*Exercise goal:* Please give back, exactly as written, the lines from the line with "Футболка-поло жовта з" to the line with "The Googled Graduate Student" in the listing below, leaving out all pictures.

Input data: Begin

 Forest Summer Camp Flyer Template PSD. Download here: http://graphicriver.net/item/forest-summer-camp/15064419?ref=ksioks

Input data: End
Input data: Begin

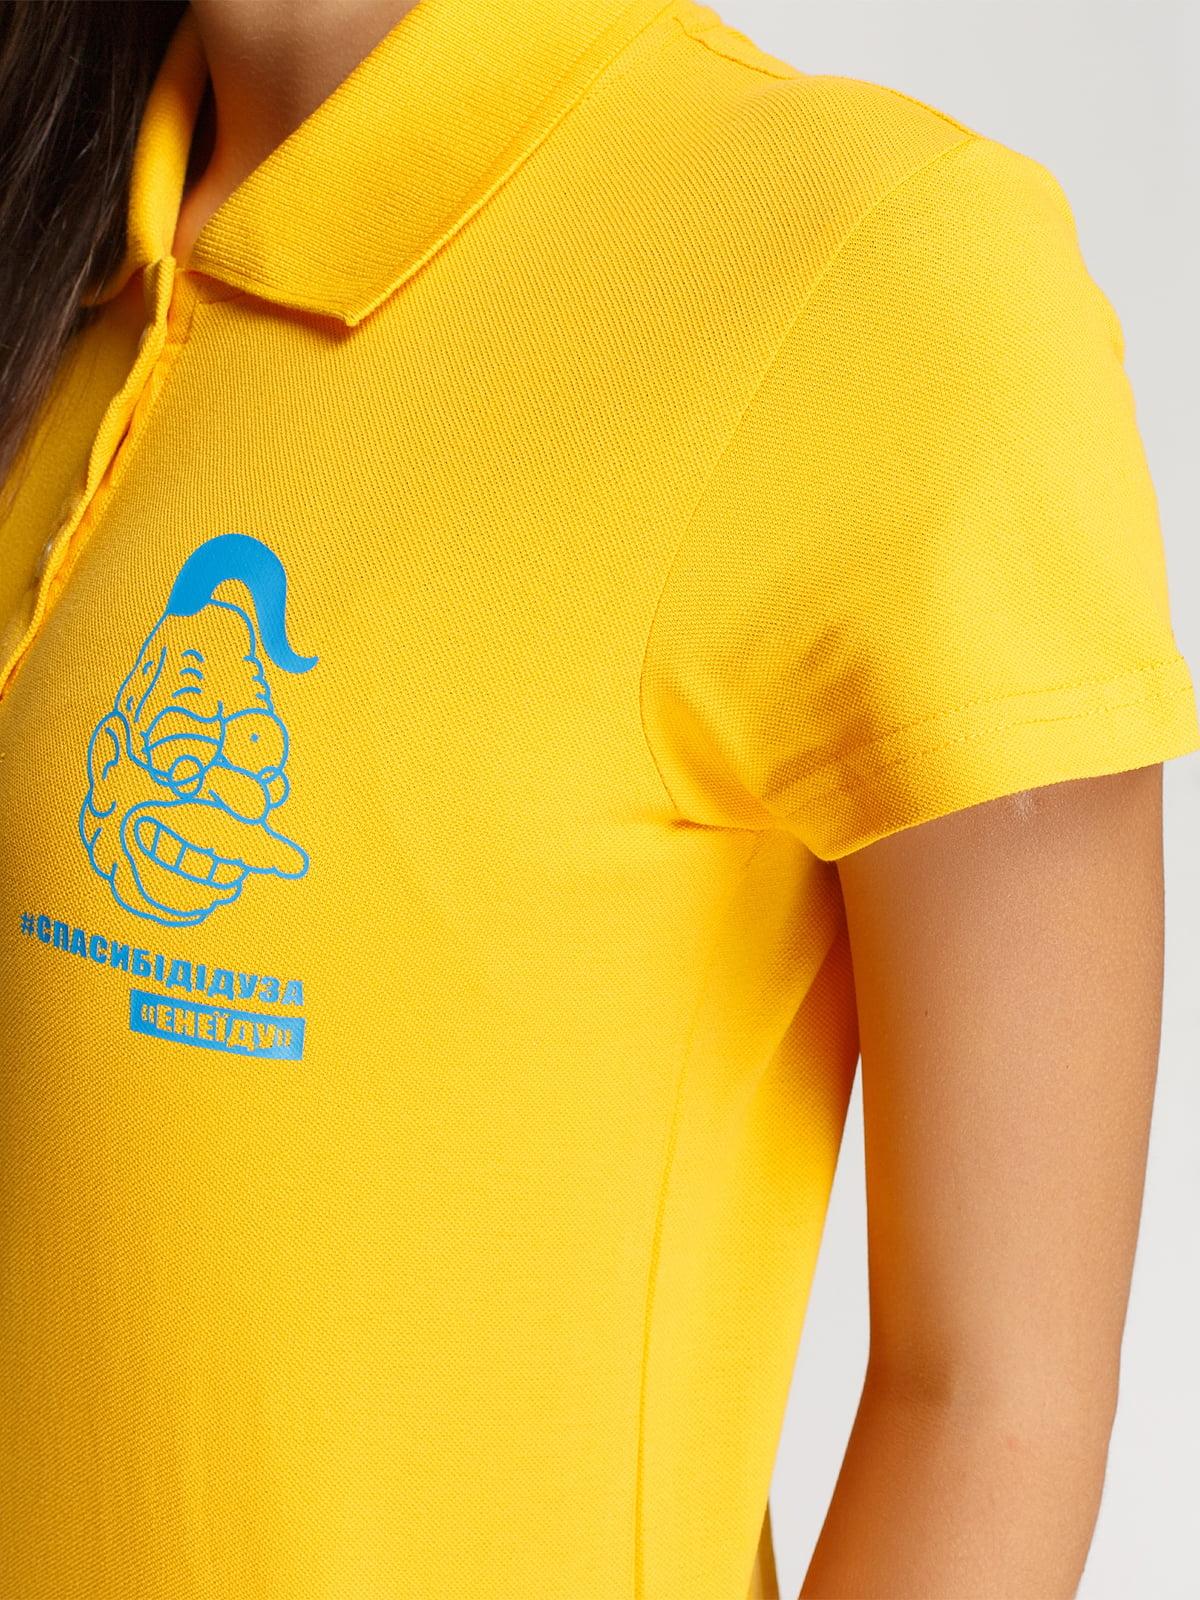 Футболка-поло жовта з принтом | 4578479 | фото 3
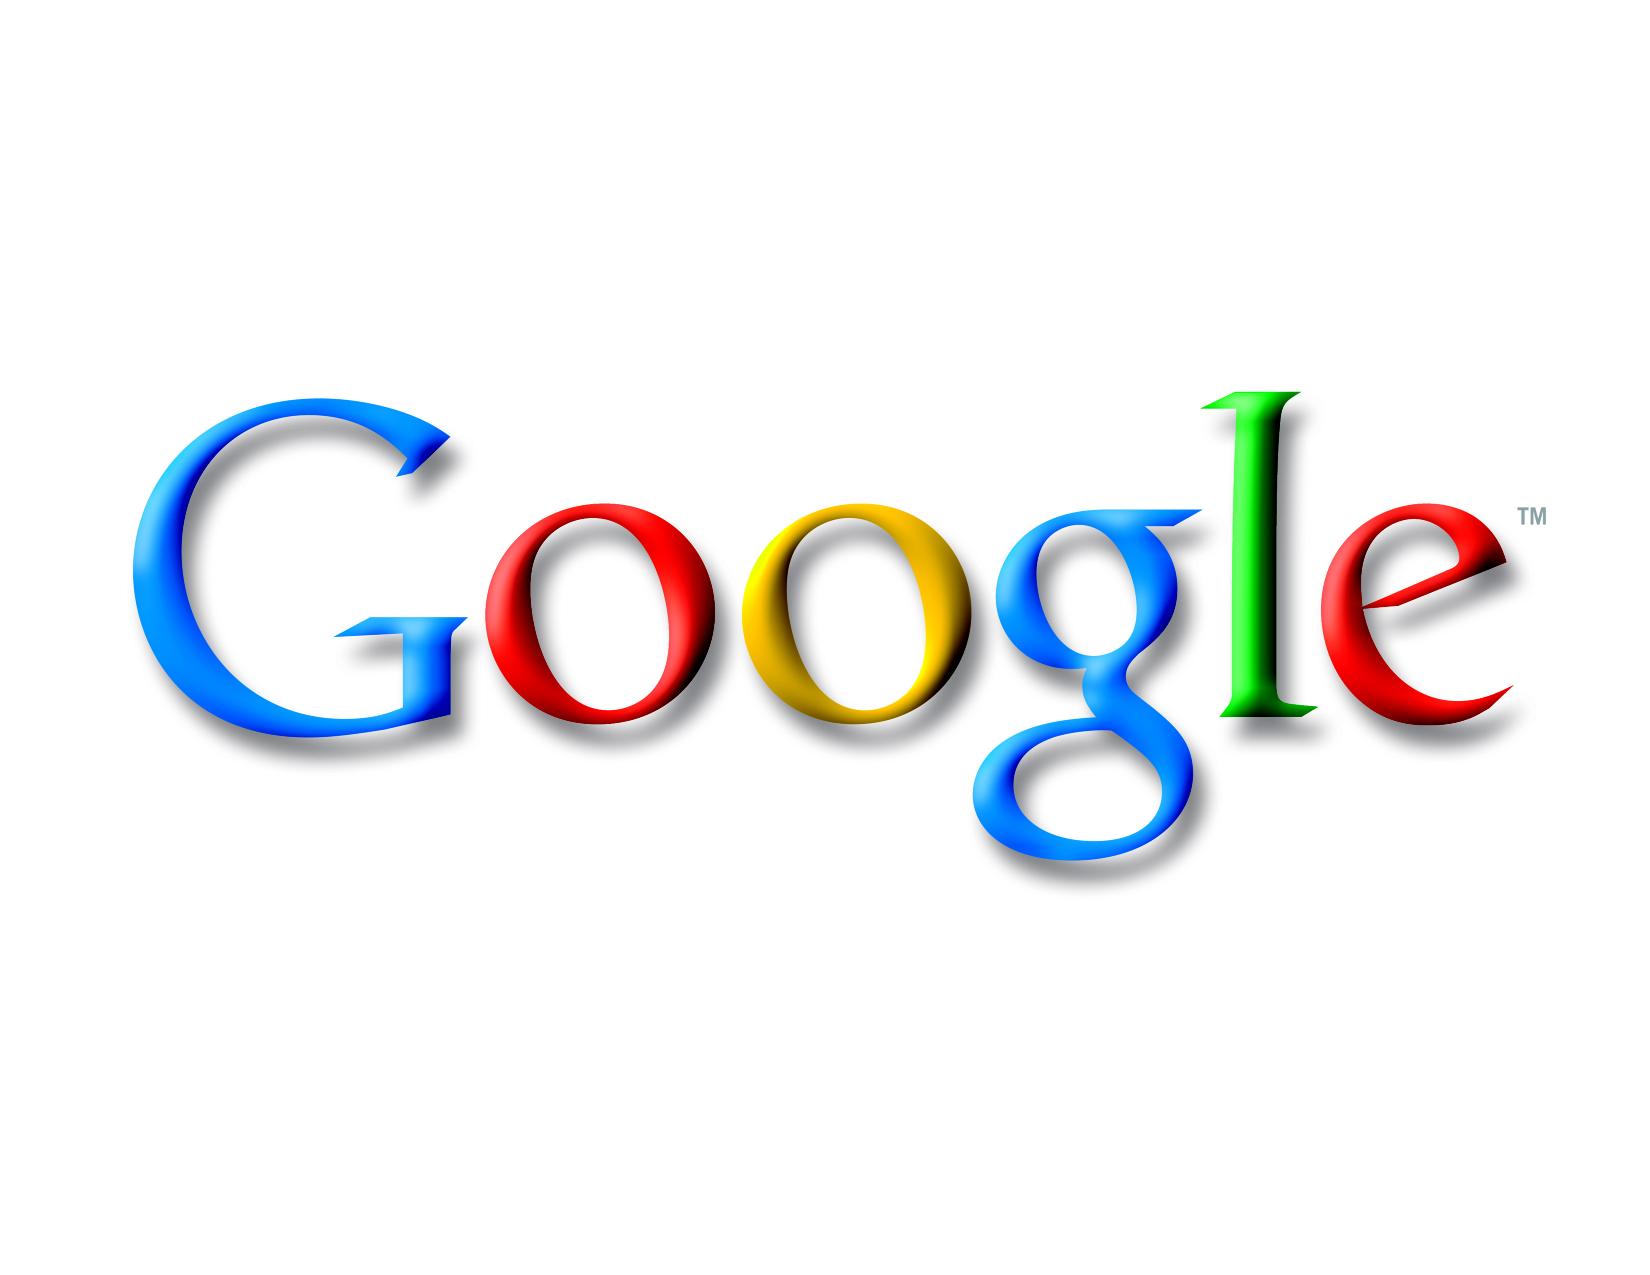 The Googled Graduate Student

Input data: End

*Solved exercise:*
 Футболка-поло жовта з принтом | 4578479 | фото 3
 The Googled Graduate Student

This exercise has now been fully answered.